她忽然想起初见孙宝琼那日——春寒料峭,孙宝琼一身素净杭绸褙子,站在沈家垂花门前,身后是永清侯府焚尽的焦木残骸。她递上拜帖时,指尖冰凉,却将“孙氏宝琼”四字写得铁画银钩,力透纸背。

那时她便觉得,这女子眼底有灰烬,更有未熄的火种。

原来火种从未熄灭,只是藏得更深。

季含漪深吸一口气,将信纸仔细叠好,重新收入袖中。
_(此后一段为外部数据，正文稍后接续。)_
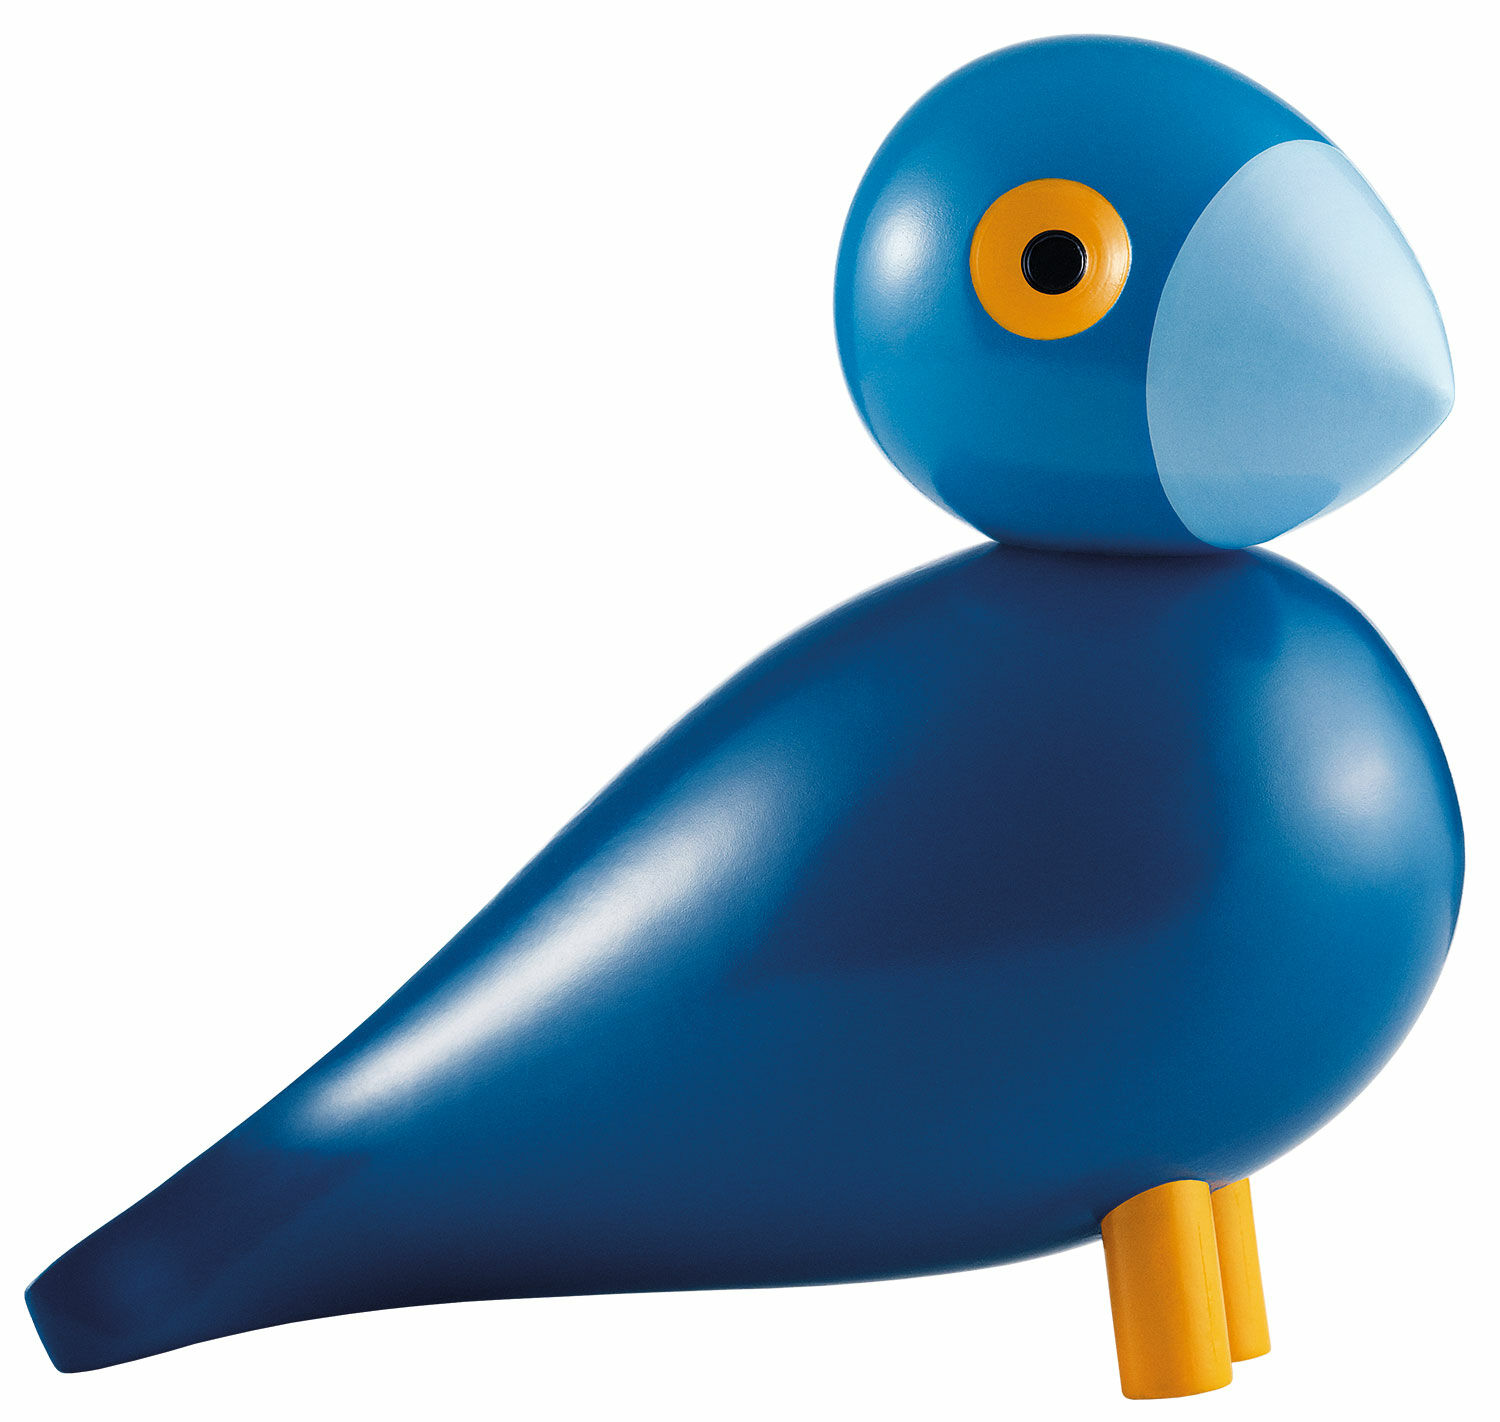 Figurine en bois "Songbird Kay" von Kay Bojesen
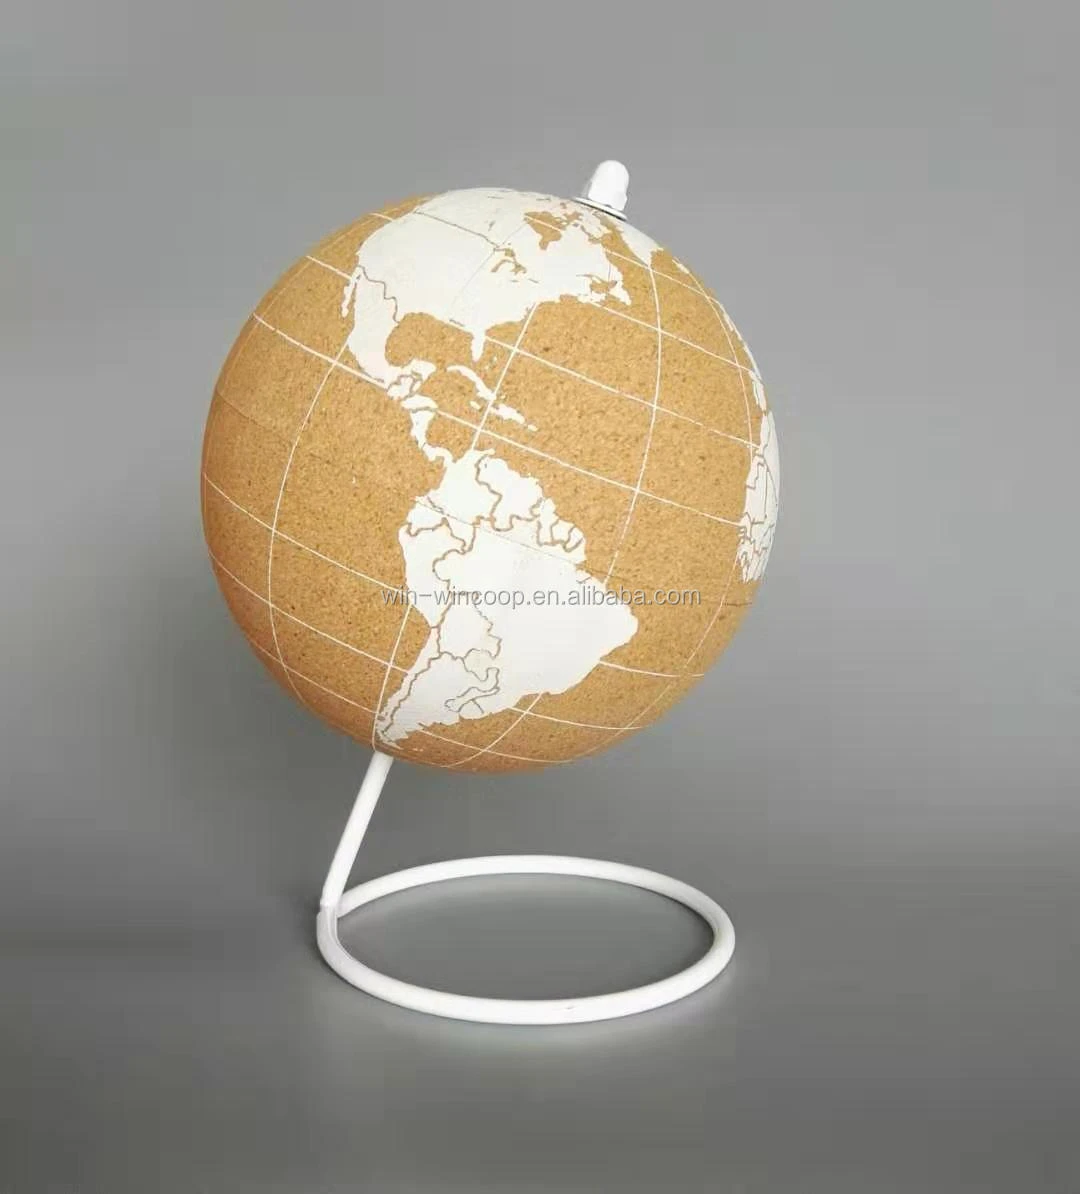 10 Inches Desktop World Globe cork material rotating with 50pcs push pins white land printing

她起身走到窗前,推开半扇雕花木窗。山风扑面而来,带着松针与泥土的清冽气息,吹得她额前碎发纷飞。

“容春。”她声音很轻,却异常清晰,“备纸墨。”

容春一怔:“夫人要写信?”

“不。”季含漪望着远处云海翻涌的山巅,唇角浮起一丝极淡的笑意,“我要写一份呈文,递至大理寺卿案前。”

“呈文内容——”她顿了顿,指尖轻轻叩击窗棂,发出笃笃轻响,“查诏狱西牢丙字三号牢,囚首林九,左臂鹰纹刺青,曾为永清侯府亲兵队长。另查,永清侯府旧印一枚,印底暗刻‘永清侯府秘档’六字,昨夜子时,由诏狱狱卒转交相国寺方丈。”

容春倒吸一口冷气,手指绞紧了帕子:“夫人……这是要替孙姑娘翻案?”

季含漪没回头,只将手按在微隆的小腹上,声音轻得像一声叹息:“不。是要告诉所有人——”

“程氏未绝,程琮未死。”

“而孙宝琼,从来不是棋子。”

她转身时,袖口拂过案几,碰倒了青瓷盏。茶水泼洒而出,在檀木案上洇开一片深色水痕,像一滴迟迟未落的泪。

山风忽烈,卷起满庭竹叶,哗啦作响,如千军万马踏过荒原。

季含漪立于风中,衣袂翻飞,目光却比山巅积雪更冷、更亮。

她知道,从这一刻起,沈家再不是从前那个沈家。

而这场春闺里的风雨,才真正开始。